Methods The study population included 54 patients with β-thal/HbE (of whom 35 were post-splenectomy) and 26 healthy controls. All subjects were of Thai origin, and the 3 groups were equally balanced by age and gender. TG was initiated in platelet poor plasma (PPP) with 1pM tissue factor and 10.4 µM phospholipid. Where noted, 15 nM sTM was added prior to the addition of tissue factor. TG parameters included slope, peak thrombin and area under the curve (AUC). The ‘AUC ratio’ (AUC + sTM/AUC - sTM) was calculated where indicated. The dilute Russell's Viper Venom Time (RVVT) assay, without added exogenous phospholipid, was used to evaluate prothrombinase activity associated with EVs in PPP. EVs in PPP were enumerated in PPP by nanoparticle tracking analysis.

Results Surprisingly, all TG parameters in β-thal/HbE patients were significantly reduced compared to healthy controls (p<0.0005). Within the β-thal/HbE cohort, TG parameters were less decreased in splenectomized patients compared to non-splenectomized patients (p<0.05). Simultaneous evaluation of the activated protein C pathway by the addition of sTM reduced net TG in all 3 groups, as expected. However, as evidenced by the AUC ratio, TM resistance was more profound in non-splenectomized than splenectomized β-thal/HbE patients. Neither transfusion dependence nor gender were significantly associated with the sTM-modified TG parameters in β-thal/HbE patients. In the dilute RVVT, the splenectomized group had a significantly shorter clotting time in PPP than both the non-splenectomized and control groups (p<0.0001 and p=0.0013 respectively), while the latter two groups did not differ from each other(p=0.65). Both categories of β-thal/HbE patients demonstrated increased numbers of circulating EVs compared to controls. However, increased prothrombinase activity in splenectomized subjects did not correlate with the numbers of EVs.

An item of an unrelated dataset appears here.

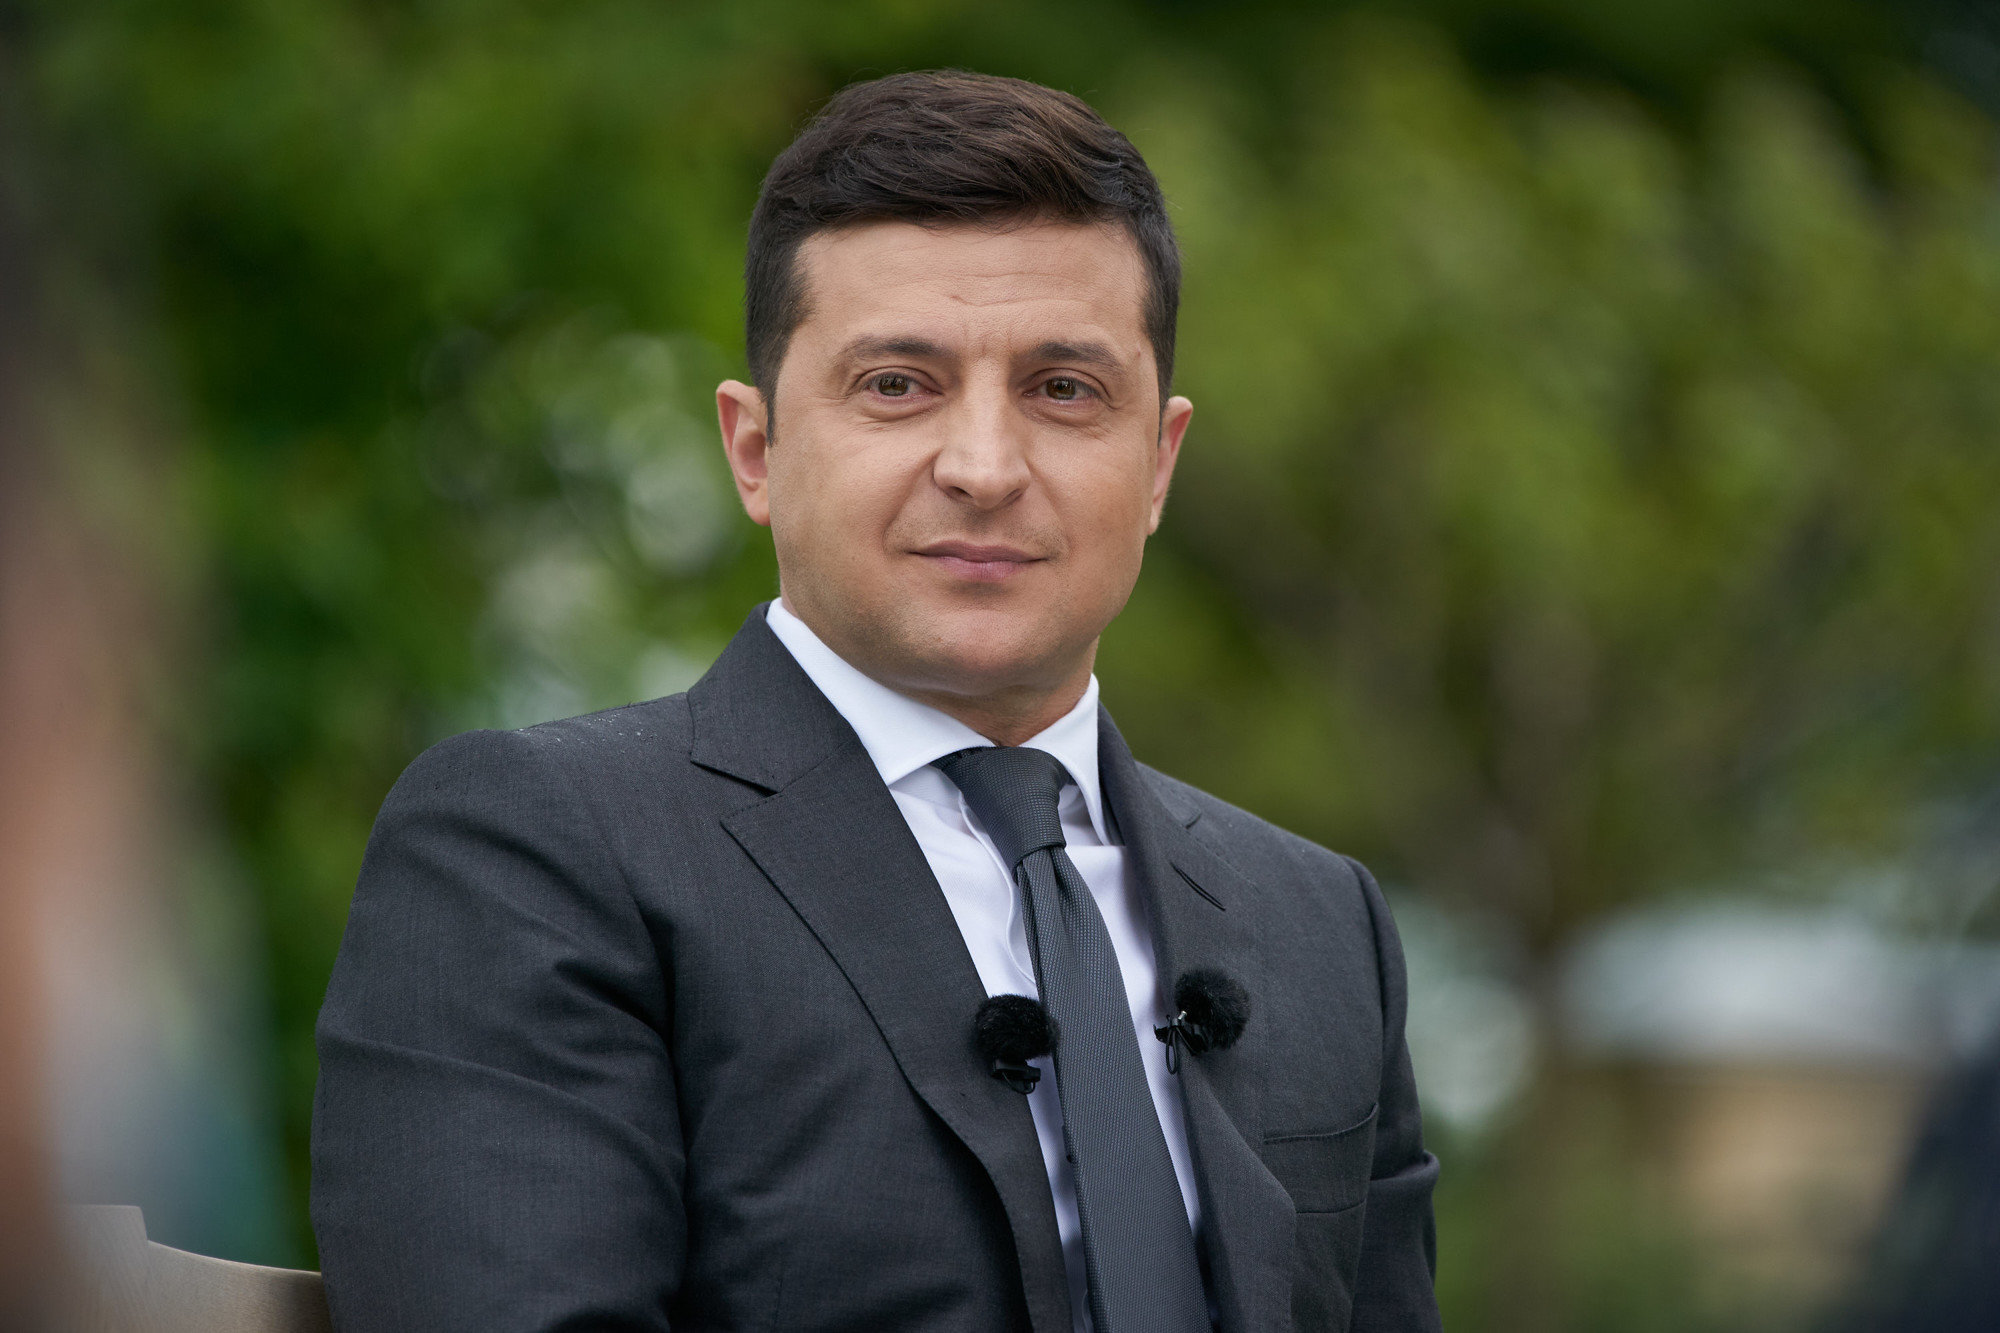 Зеленский задекларировал 4,5 миллиона гривен
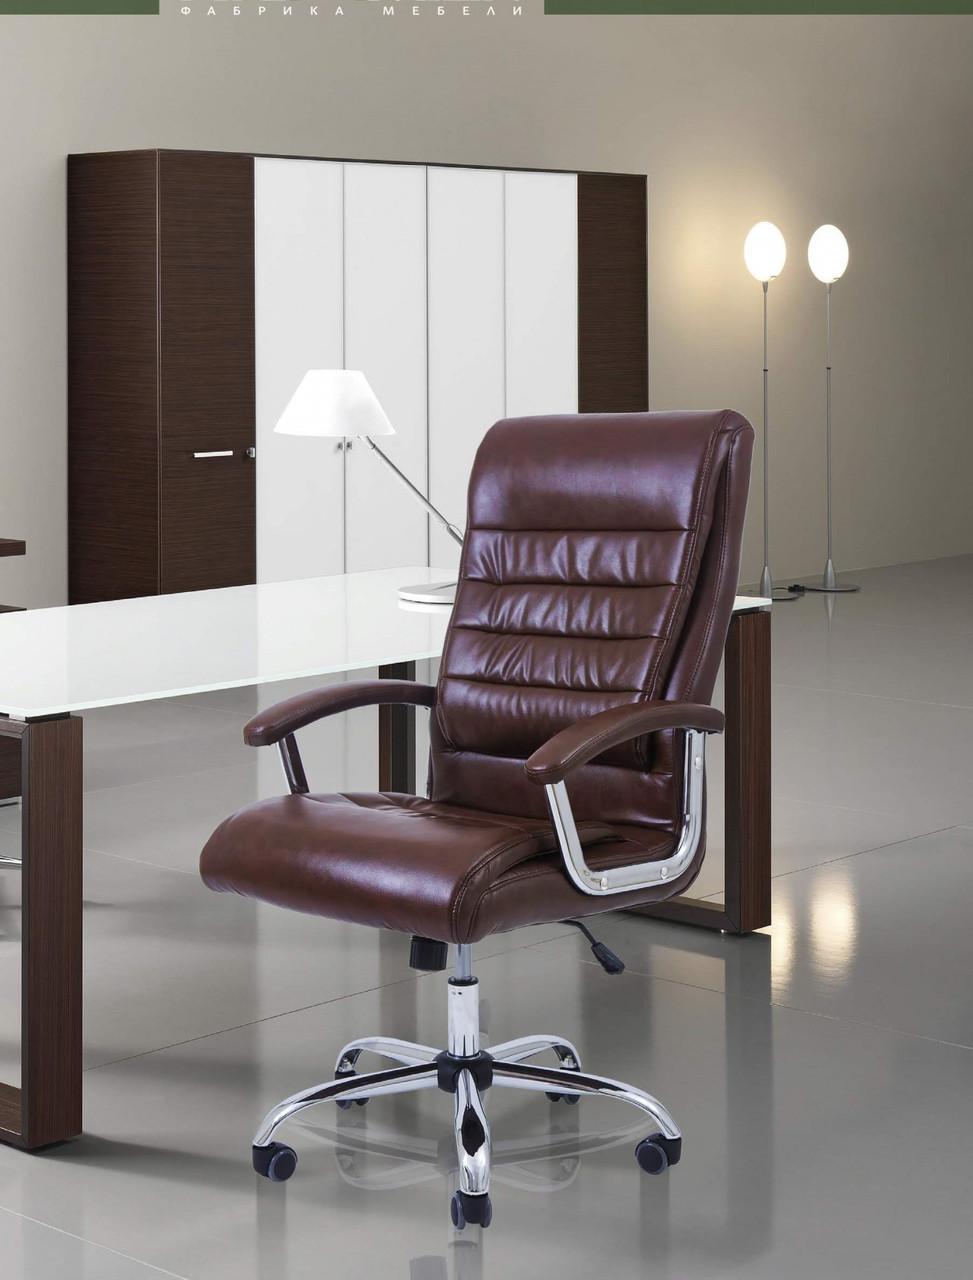 Офисное Кресло Руководителя Princeton Мадрас Хром М3 MultiBlock Коричневое

Conclusion Splenectomized β-thal/HbE patients manifest reduced TG potential but less resistance to soluble thrombomodulin compared to non-splenectomized patients. Additionally, shortening of the Russell Viper Venom Time suggests the presence of more circulating procoagulant phosphatidylserine-expressing EVs in splenectomized patients, although numerically, the absolute numbers of EVs was identical to non-splenectomized patients. In aggregate, these data suggest that prothrombinase activity in cell-free plasma is increased in β-thal/HbE, particularly following splenectomy. Future studies to evaluate thrombin generation in whole blood would be of interest, given the likely roles of red cells and platelets in this disorder.

Key points

  • β-thal/HbE patients demonstrate less plasma thrombin generation (TG) potential than controls, albeit to a lesser degree in splenectomized individuals

  • However, resistance to thrombomodulin is less profound in the splenectomized compared to the non-splenectomized cohort. This may reflect more efficient activated protein C anticoagulant activity on circulating extracellular vesicles (EVs)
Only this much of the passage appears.